◆ **What you need to do**: Strip the pictures and reproduce the rest of the listing exactly.

◆ **Dataset extract**:
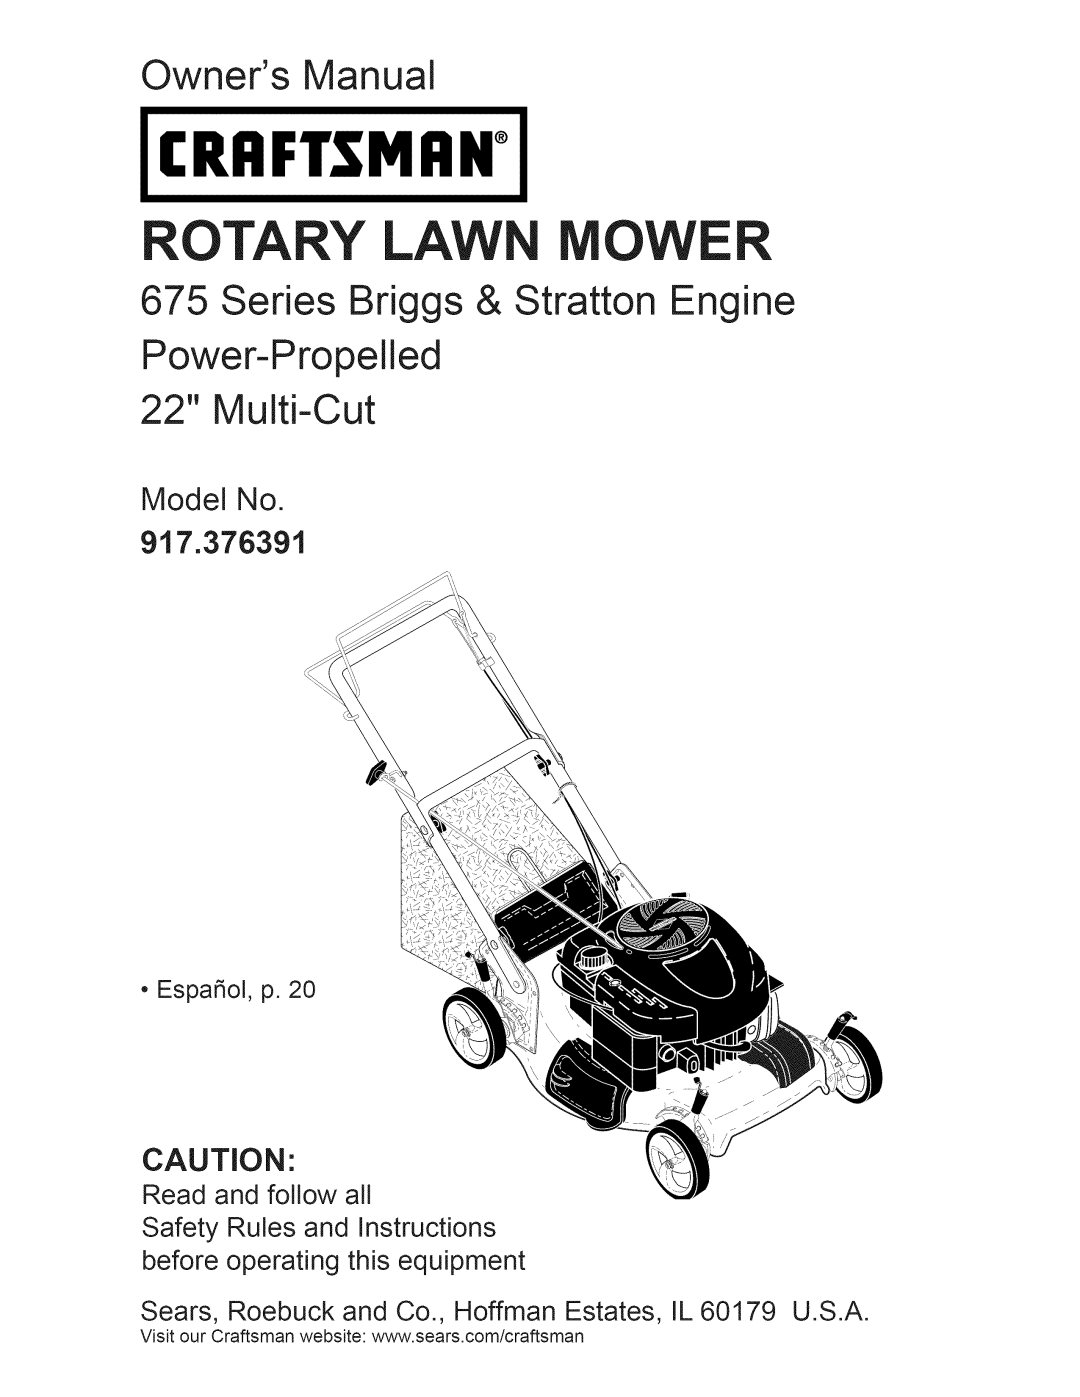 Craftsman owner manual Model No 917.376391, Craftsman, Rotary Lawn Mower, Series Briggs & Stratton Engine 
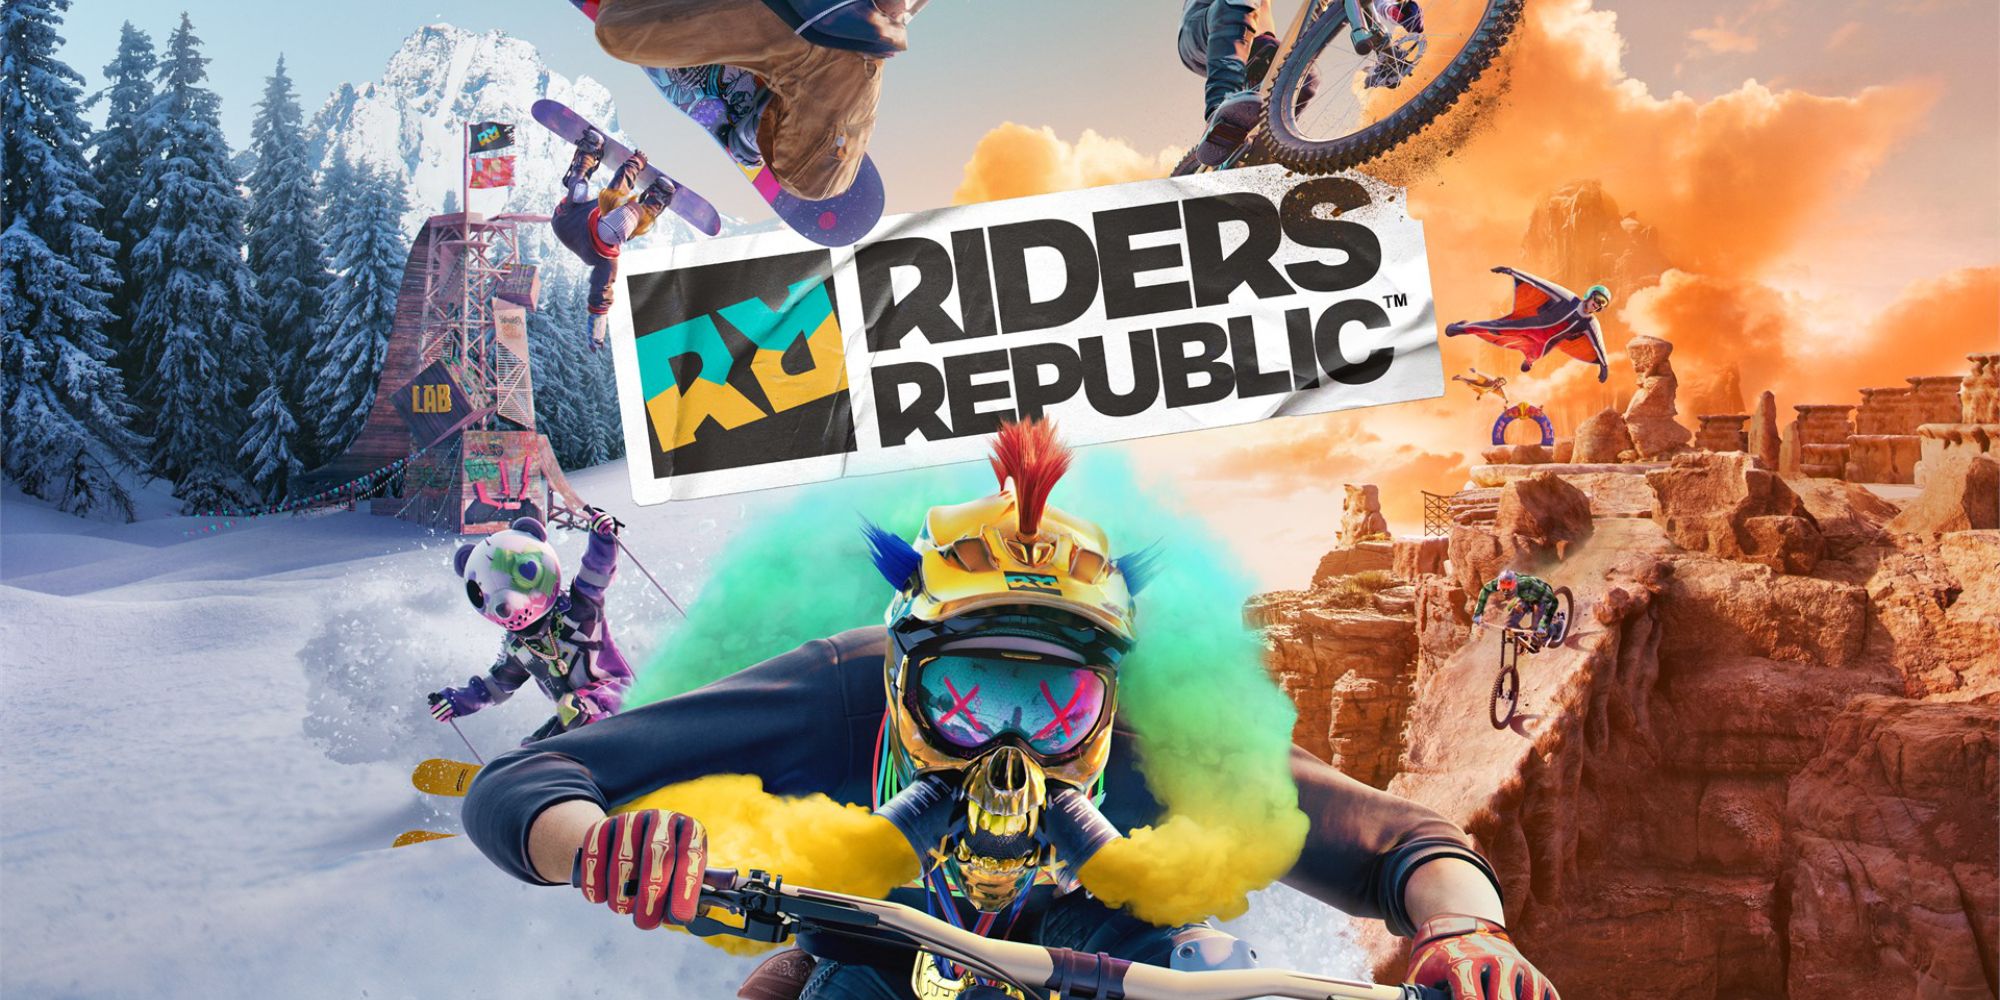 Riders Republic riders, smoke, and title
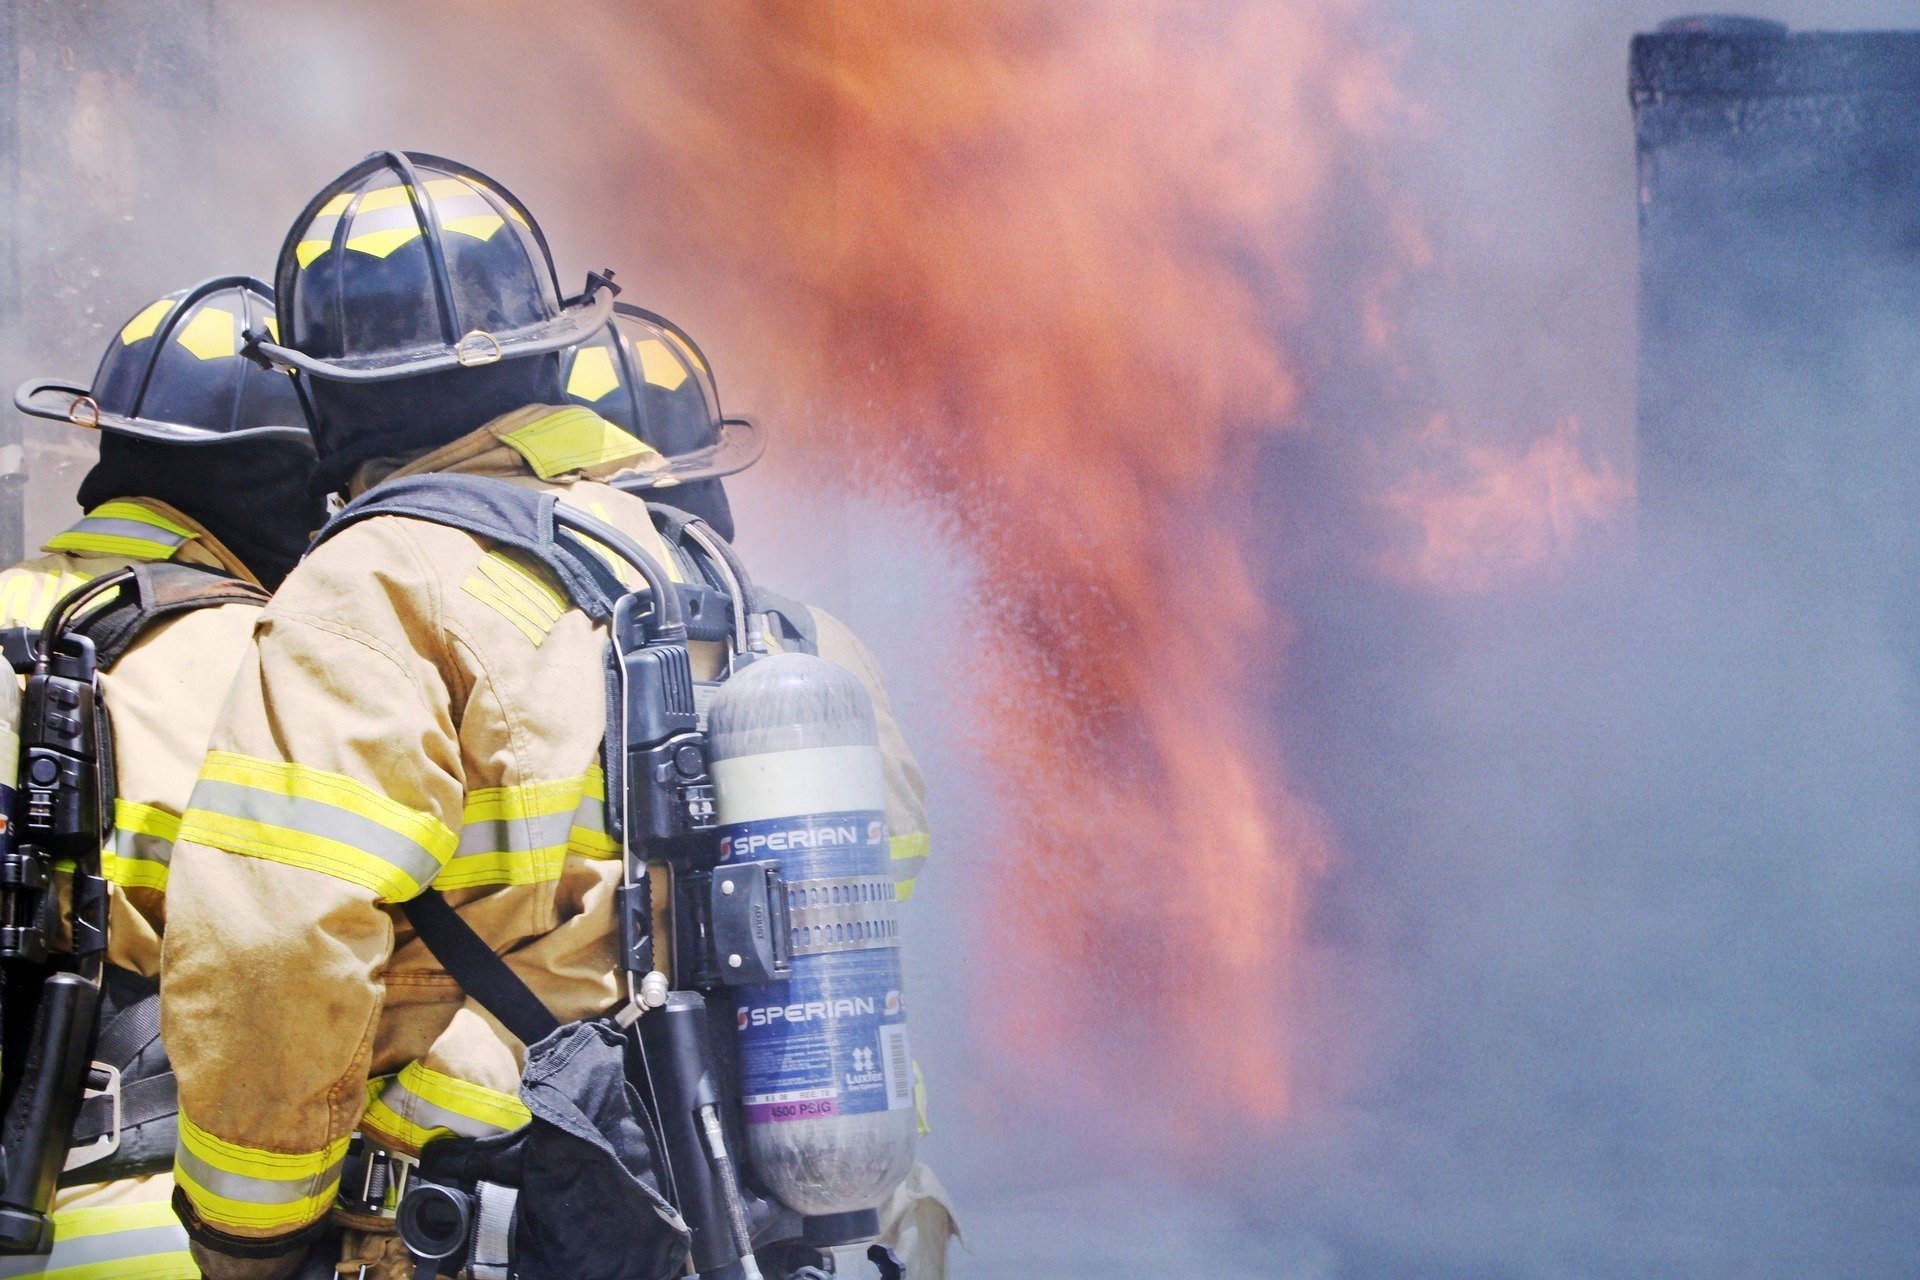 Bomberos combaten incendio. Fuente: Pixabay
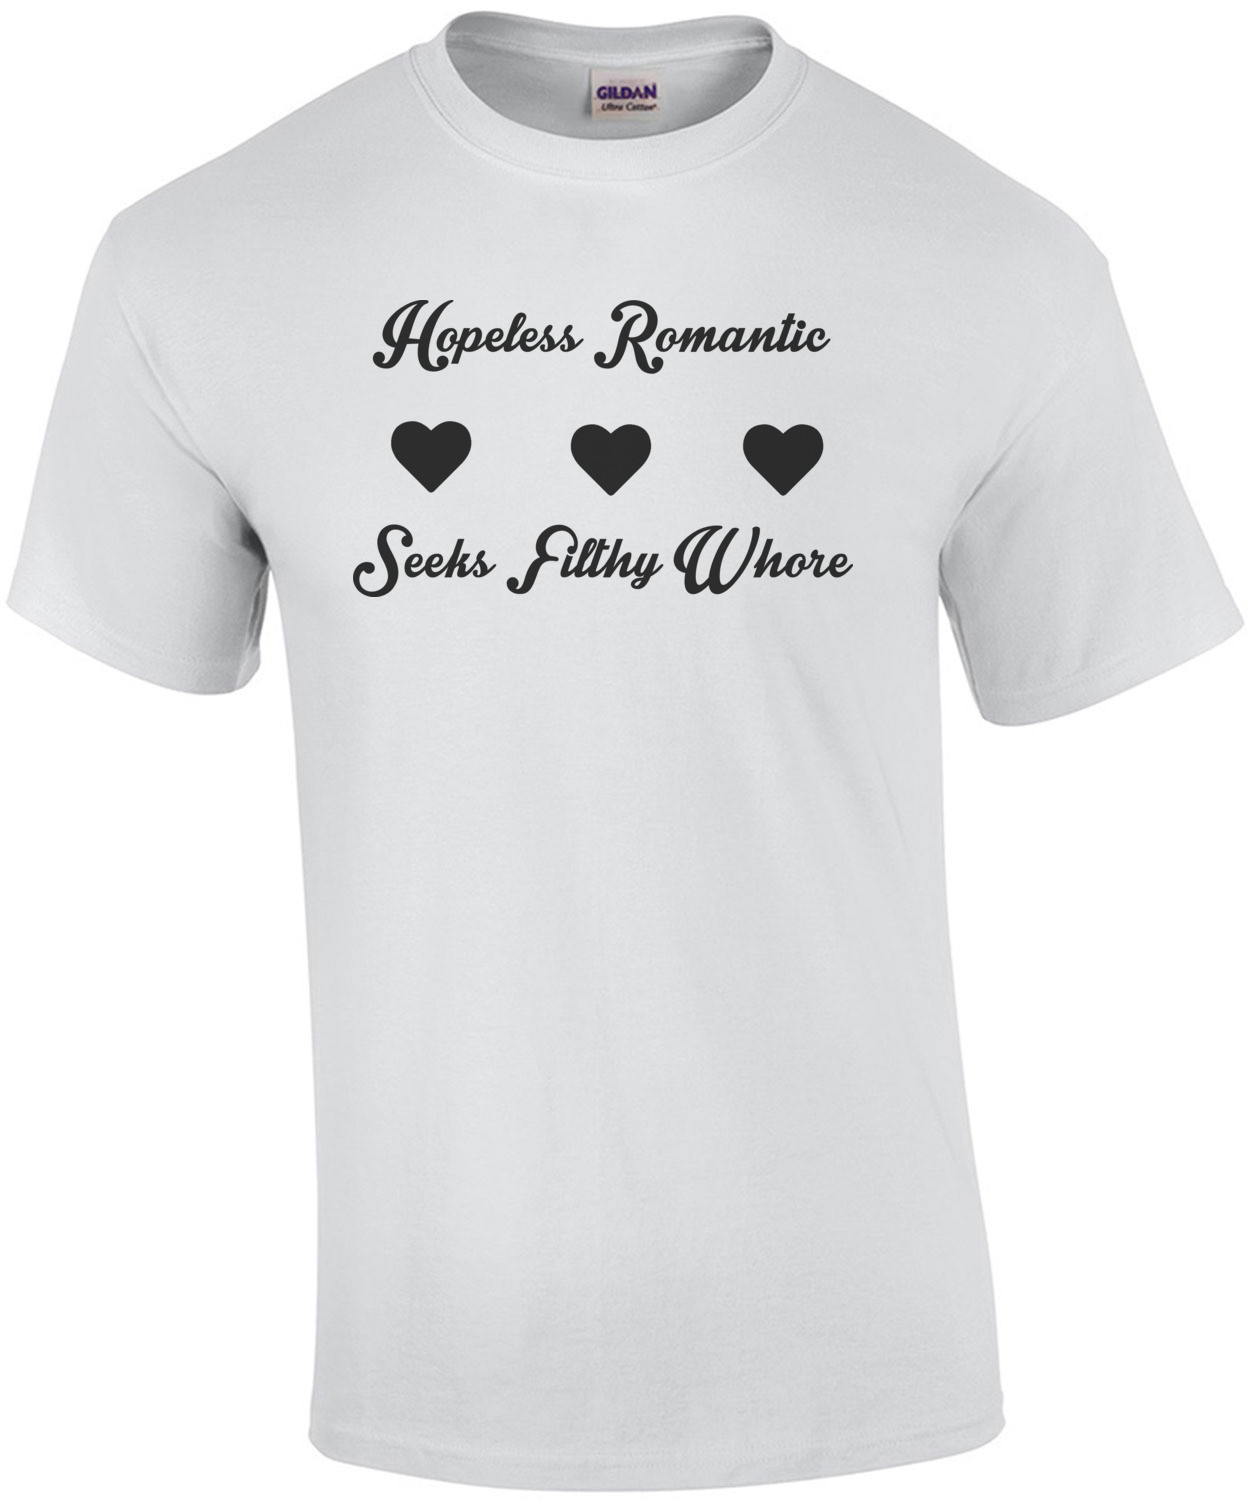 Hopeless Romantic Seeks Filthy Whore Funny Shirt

◆ **Solution**:
 Craftsman owner manual Model No 917.376391, Craftsman, Rotary Lawn Mower, Series Briggs & Stratton Engine 
 Riders Republic riders, smoke, and title
 Bomberos combaten incendio. Fuente: Pixabay
 Hopeless Romantic Seeks Filthy Whore Funny Shirt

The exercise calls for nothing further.